Is Global Warming Putting Our Pets at Risk on Both Sides of the Atlantic? How the Weather Can Affect Animals

Global warming, it’s a complicated issue. Whilst the naysayers continue to search for conspiracies against climate change, this year the North American heat wave highlighted the very stark potential of our collective futures.

With more than 40,113 temperate records broken this year, the US and Canada have suffered 82 heat-related deaths and a further 22 deaths due to the resultant destruction of the derecho in June.

This loss of life allows us a small insight into the true power of extreme weather, but how is it affecting the nation’s pets?

Doggie in a Car

Appallingly, hundreds of cats and dogs have died this summer due to insufficient care and dehydration. During times of severe environmental change, it seems that pets are usually the last priority and this is having a serious impact on their standard of care.

One of the most notorious (and deadliest) issues facing pets during a heat wave is overheating in cars.

“It doesn’t take any time at all,” veterinarian Andy Morton with Roswell’s Chattahoochee Animal Hospital told WSBTV-Atlanta, “30 seconds is all that’s needed for them to die.” Unlike humans, dogs cannot sweat to cool themselves down and this leads to heat stroke and suffocation.

Thankfully, policemen across the states have been actively clamping down on this kind of animal neglect. Tickets are being issued left, right and center, and whilst the amount of the ticket is down to the officer’s discretion, they can be as high as $1,000.

In worst case scenarios, it can lead to one year in jail for committing “animal cruelty” depending where you live, and a ban on owning dogs in the future.

Grey Skies over Great Britain

However, across the other side of the Atlantic, things are quite the opposite. Thanks to the Atlantic conveyor, the heat wave in the US has forced damp and muggy conditions towards the UK. Consequently, they have suffered more than their usual deluge of rainfall. It was the wettest June since records began, and is set to be one of the wettest summers, with 366.8 mm of rainfall.

Nonetheless, this wet weather isn’t without its bugbears. Due to the humidity, biting insects have been extremely prevalent and this summer has witnessed the rise of the super-bug (one that’s

Itchy, Scratching Pup

built-up a resistance to conventional treatments). This flea and mosquito influx has left pets and people itching for relief.

Whilst super-insect problems might seem like a trivial issue in comparison to the US heat wave, the influx of bugs can signal some very real, and highly dangerous, problems.

Fleas spread diseases like tapeworms, and can create considerable allergic responses in some pets. After all, the flea was responsible for spreading the Great Plague in Europe.

With winters becoming milder and pest populations increasing, the New Scientist reports that, “the European dog tick is transmitting a malaria-like disease, canine babesiosis, into countries where it was once rare including Belgium, Germany, Poland and the Netherlands. Meanwhile, ixodes ticks are living at greater densities across Europe, increasing their risk of passing tick-borne encephalitis to horses and dogs.”

Changes to the Environment Means Changes to Behavior

Indeed, it seems the consequences of climate change not only effect people.

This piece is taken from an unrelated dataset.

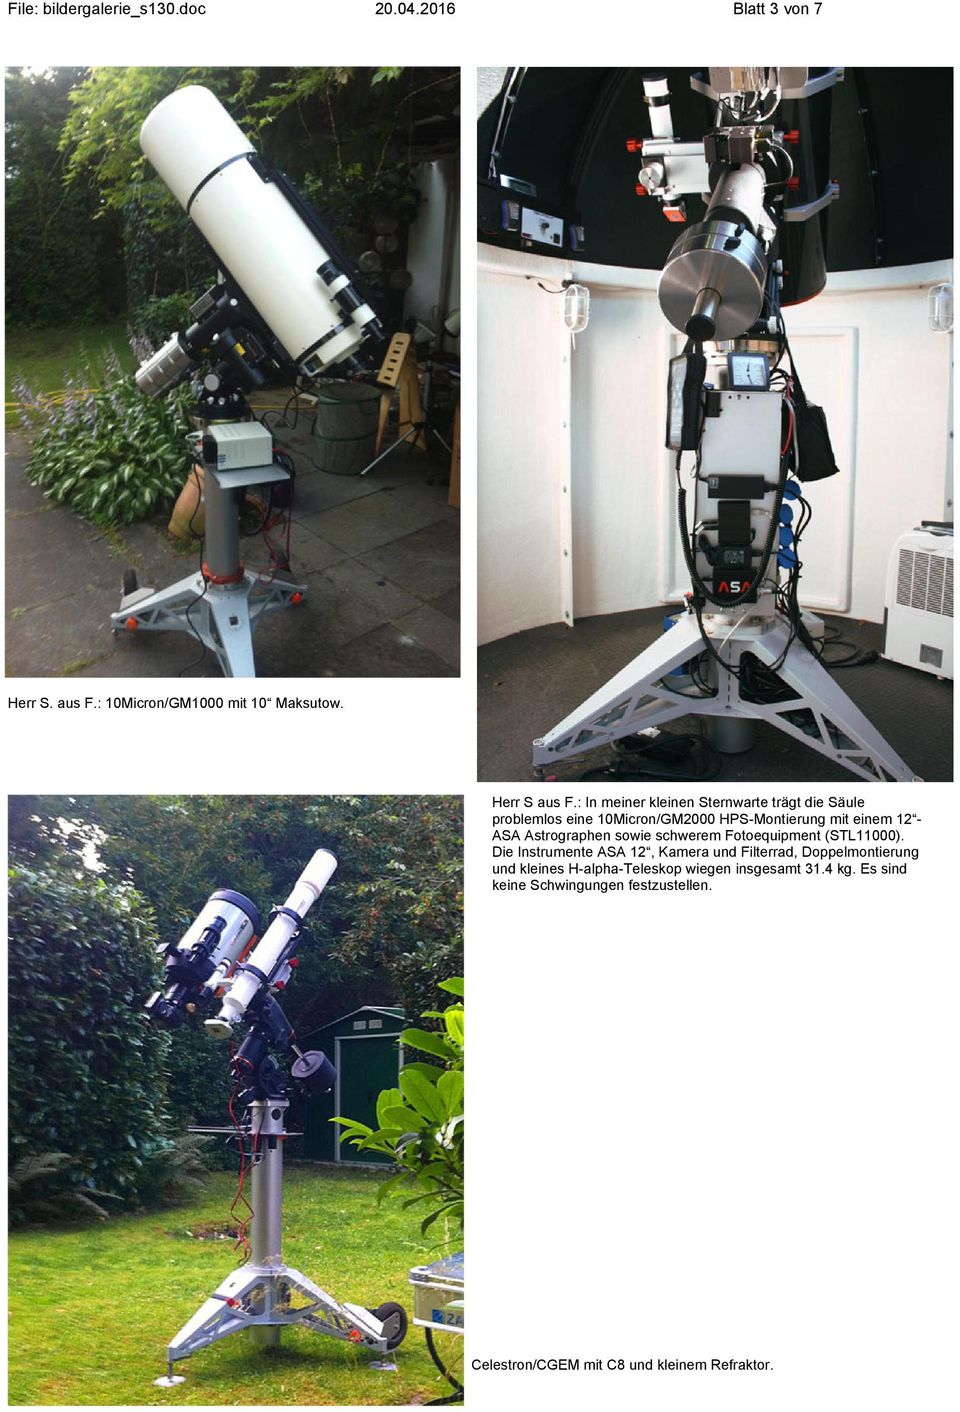 Astrographen sowie schwerem Fotoequipment (STL11000).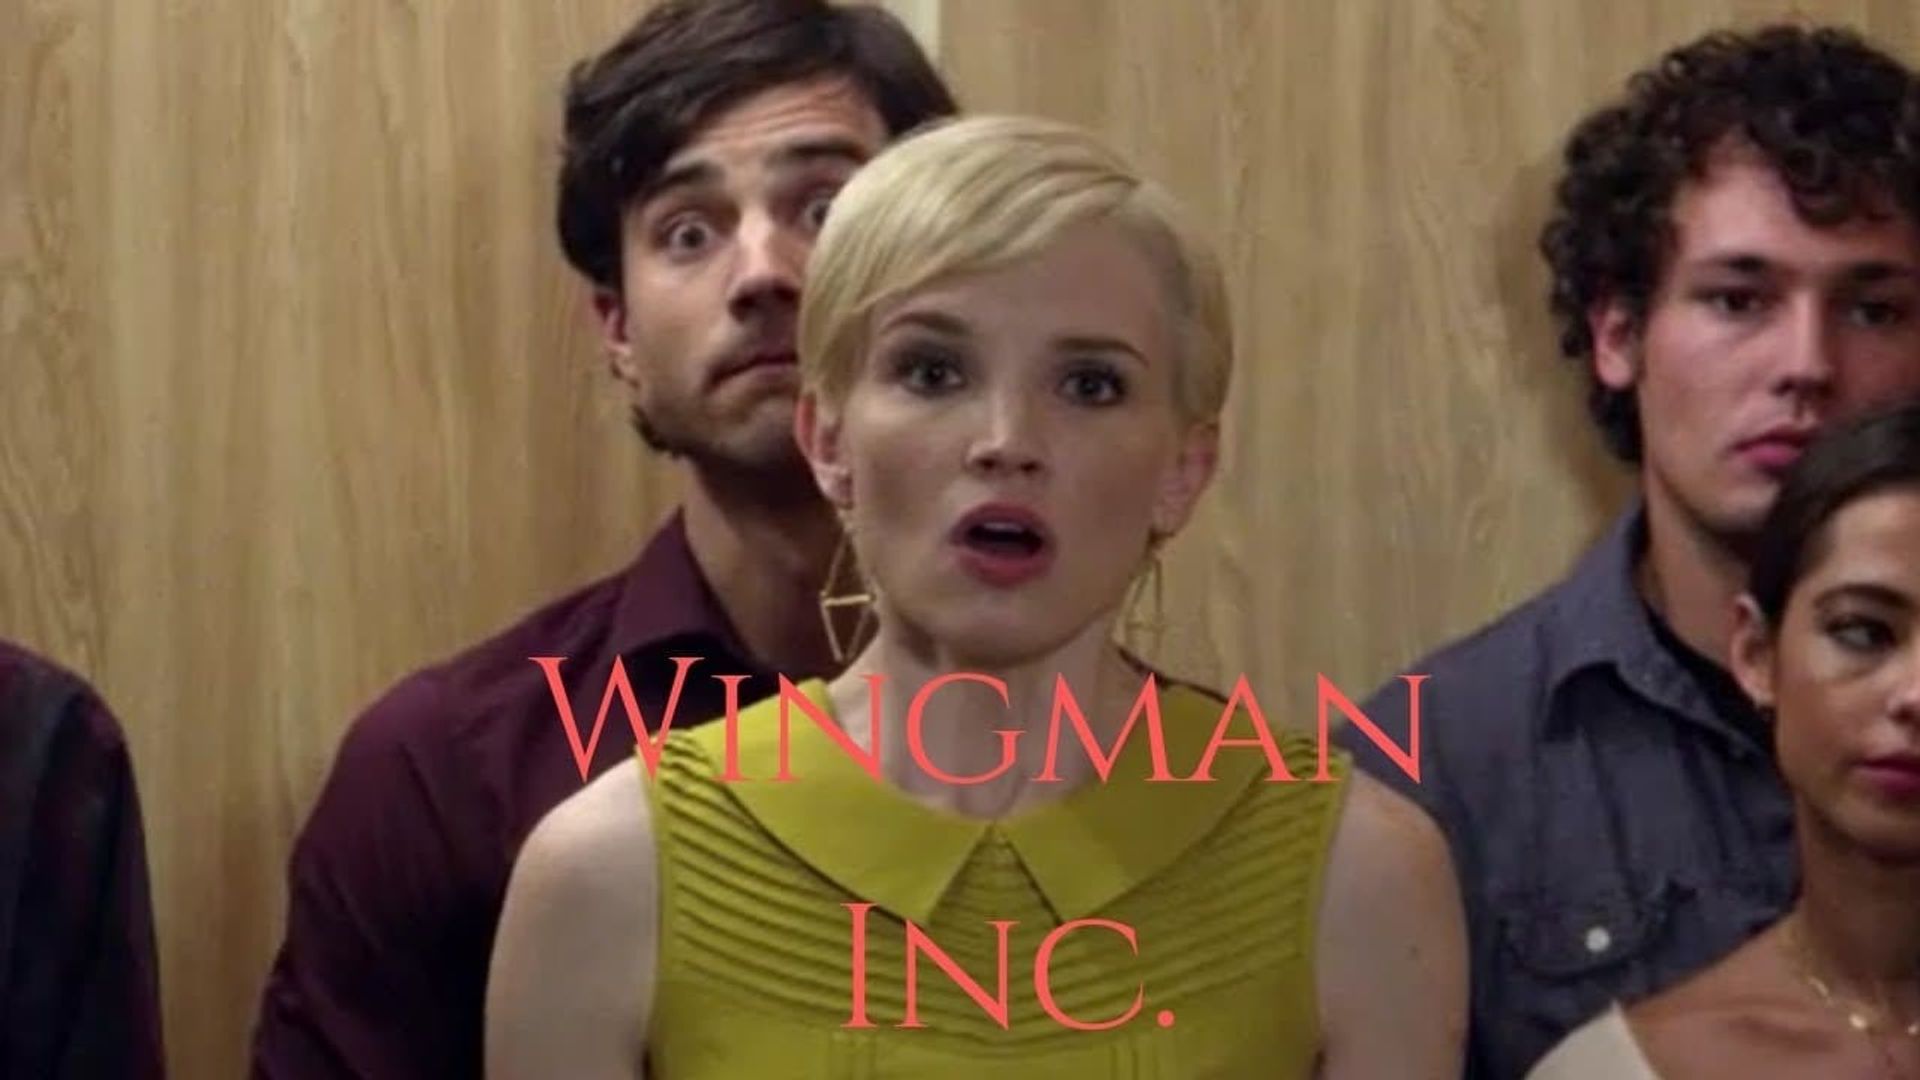 Wingman Inc. background

With this in mind, it’s extremely important to heed the changes to your environment and behave accordingly, especially when the care of vulnerable animals is concerned.

Under absolutely no circumstances should a dog be left alone in the car, regardless of the weather conditions. However, this is especially the case during a heat wave. If you have to take your dog out with you, ensure that where you’re going allows dogs and, if not, get a family member to sit in the shade with them, ensuring the dog drinks plenty of water. You could face a criminal conviction, a hefty fine and the guilt of your dog’s death on your shoulders.

Let that be deterrent enough.

If you suspect a dog is suffering with heat stroke, call your vet immediately. You can check for symptoms and relief methods here.

If you see a dog locked in a car, call the emergency services.

(Sadly, you will be liable to pay damages if you smash a window and the owner presses charges).

Where super-fleas are concerned, it’s crucial that all owners receive the correct advice, tailored to their pet and his/her individual needs. Animed Direct is a fantastic website for vet advice (plus they have a wide range of flea treatments). They have a qualified vet engaging in live chats every single day and they are ready to answer your medical questions and concerns.

It’ always best to have a vet suggest the best course of treatment for your dog, it’s no good just guessing.

 

By Guest Blogger, Emily Buchanan

2 Responses to “Is Global Warming Putting Our Pets at Risk on Both Sides of the Atlantic? How the Weather Can Affect Animals”

  1. Jessica Sala says:

    Emily: This is a wonderful post! I’ve always been interested in all aspects of the global warming issues our world is having and in all my reading have never seen it from the “pet perspective.” Thank you!

  2. Emily Buchanan says:

    Hey Jessica, that’s great news! I’m glad it was helpful. It’s certainly an important issue and, like I said in the article, people rarely give a thought to how global warming effects domesticated animals (not to mention the wild ones!)